■ Exercise material

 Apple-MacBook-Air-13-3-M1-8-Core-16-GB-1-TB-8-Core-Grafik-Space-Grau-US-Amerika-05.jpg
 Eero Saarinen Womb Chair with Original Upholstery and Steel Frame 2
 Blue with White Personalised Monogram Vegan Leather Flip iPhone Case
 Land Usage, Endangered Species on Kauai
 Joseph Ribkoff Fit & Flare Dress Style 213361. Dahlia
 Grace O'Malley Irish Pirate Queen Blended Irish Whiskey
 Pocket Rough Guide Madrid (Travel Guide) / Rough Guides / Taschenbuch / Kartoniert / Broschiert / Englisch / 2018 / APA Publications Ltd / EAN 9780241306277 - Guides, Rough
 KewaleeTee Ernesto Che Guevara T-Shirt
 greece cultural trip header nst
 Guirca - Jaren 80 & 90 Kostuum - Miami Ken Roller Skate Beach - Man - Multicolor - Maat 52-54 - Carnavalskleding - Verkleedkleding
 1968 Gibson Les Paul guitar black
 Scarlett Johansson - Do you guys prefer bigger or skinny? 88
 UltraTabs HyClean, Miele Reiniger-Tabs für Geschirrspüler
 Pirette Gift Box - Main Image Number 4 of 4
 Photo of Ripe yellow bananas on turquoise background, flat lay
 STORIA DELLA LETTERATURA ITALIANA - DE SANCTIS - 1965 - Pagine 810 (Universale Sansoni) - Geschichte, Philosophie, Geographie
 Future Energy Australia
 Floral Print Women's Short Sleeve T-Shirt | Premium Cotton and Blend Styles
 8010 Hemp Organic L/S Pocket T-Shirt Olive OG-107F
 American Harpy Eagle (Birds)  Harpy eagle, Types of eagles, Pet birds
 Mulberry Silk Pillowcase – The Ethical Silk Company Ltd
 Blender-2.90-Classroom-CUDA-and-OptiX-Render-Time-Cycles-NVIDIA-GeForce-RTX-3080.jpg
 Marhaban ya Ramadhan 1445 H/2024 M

■ Problem description
Reproduce, exactly and with nothing added, the lines from the one that includes "KewaleeTee Ernesto Che Guevara T-Shirt" through the last line of the material.

■ Written answer
 KewaleeTee Ernesto Che Guevara T-Shirt
 greece cultural trip header nst
 Guirca - Jaren 80 & 90 Kostuum - Miami Ken Roller Skate Beach - Man - Multicolor - Maat 52-54 - Carnavalskleding - Verkleedkleding
 1968 Gibson Les Paul guitar black
 Scarlett Johansson - Do you guys prefer bigger or skinny? 88
 UltraTabs HyClean, Miele Reiniger-Tabs für Geschirrspüler
 Pirette Gift Box - Main Image Number 4 of 4
 Photo of Ripe yellow bananas on turquoise background, flat lay
 STORIA DELLA LETTERATURA ITALIANA - DE SANCTIS - 1965 - Pagine 810 (Universale Sansoni) - Geschichte, Philosophie, Geographie
 Future Energy Australia
 Floral Print Women's Short Sleeve T-Shirt | Premium Cotton and Blend Styles
 8010 Hemp Organic L/S Pocket T-Shirt Olive OG-107F
 American Harpy Eagle (Birds)  Harpy eagle, Types of eagles, Pet birds
 Mulberry Silk Pillowcase – The Ethical Silk Company Ltd
 Blender-2.90-Classroom-CUDA-and-OptiX-Render-Time-Cycles-NVIDIA-GeForce-RTX-3080.jpg
 Marhaban ya Ramadhan 1445 H/2024 M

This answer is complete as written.